Microbial abundance profiles are applied widely to understand diseases from the aspect of microbial communities. By investigating the abundance associations of species or genes, we can construct molecular ecological networks (MENs). The MENs are often constructed by calculating the Pearson correlation coefficient (PCC) between genes. In this work, we also applied multimodal mutual information (MMI) to construct MENs. The members which drive the concerned MENs are referred to as key drivers.
Key drivers, which are major components that drive the disease concerned MENs, provide hints to understand the mechanisms of disease and are intensively studied with RNA data. There are various of methods to identify the key drivers in a co-expression network. One method is to incorporate the annotation of genes and pathways of diseases in order to locate the key drivers by considering enrichment of statistic of genes neighborhood [12, 13]. Another category of method distinguishes important MENs by calculating associations between gene modules with meta information like phenotype and GWAS analysis [14, 15], and then detects the key drivers by measuring the genes topology effect. For example, MEGENA  did multiscale hub analysis and Zhang et al. examined the number of N-hob downstream nodes . Those methods on detecting key drivers in RNA data analysis can be adopted to detect key drivers in MENs. Even though Portune et al. locates important microbial species and genes with the assistance of gene annotation to study the MENs , the annotation for microbial genes and species yet demands intensive efforts and the pathways of diseases are incomplete.

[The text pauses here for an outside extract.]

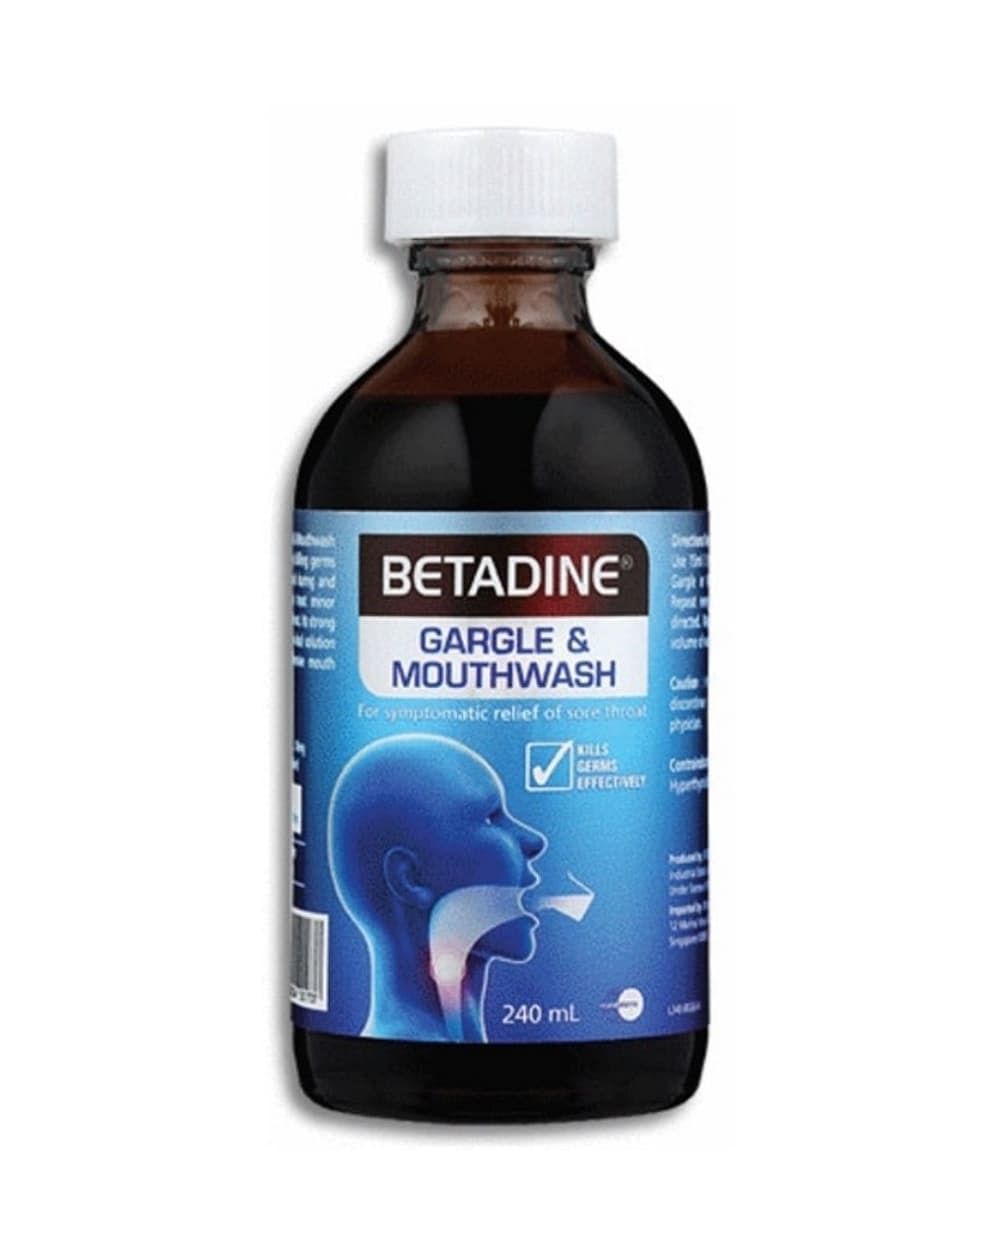 How to Use Betadine Gargle & What Are It's Benefits?

The distinction between keystone species and key drivers is that the keystone species are only topologically important, while key drivers motivate disease associated networks. MENs of diseases can be different compared to those from healthy individuals. By analyzing the factors driving the differences, we can uncover the development of the disease.
Inspired by key drivers analysis with RNA data and keystone species studies in MENs, we proposed a method to perform key drivers analysis without the availability of annotation information. Given a microbial abundance profile, we first construct the MEN, in which the nodes represent the microbial species or phylogenetic gene markers and the edges capture the associations between their respective nodes. Then we divide the MEN into multiple subnetworks and extract the subnetworks that are most relevant to the disease by calculating the associations between subnetworks and phenotype variables. A single phenotype variable could be insufficient to capture the changes in disease networks from healthy networks and it can be biased. To address this issue, we applied principal component analysis to extract delegated phenotype, which is more robust. Last, our method detects the key driver based on PageRank, which utilizes node topological properties within each extracted subnetwork. It captures the global link structure of subnetworks thus outperforms statistical algorithms that only use local information.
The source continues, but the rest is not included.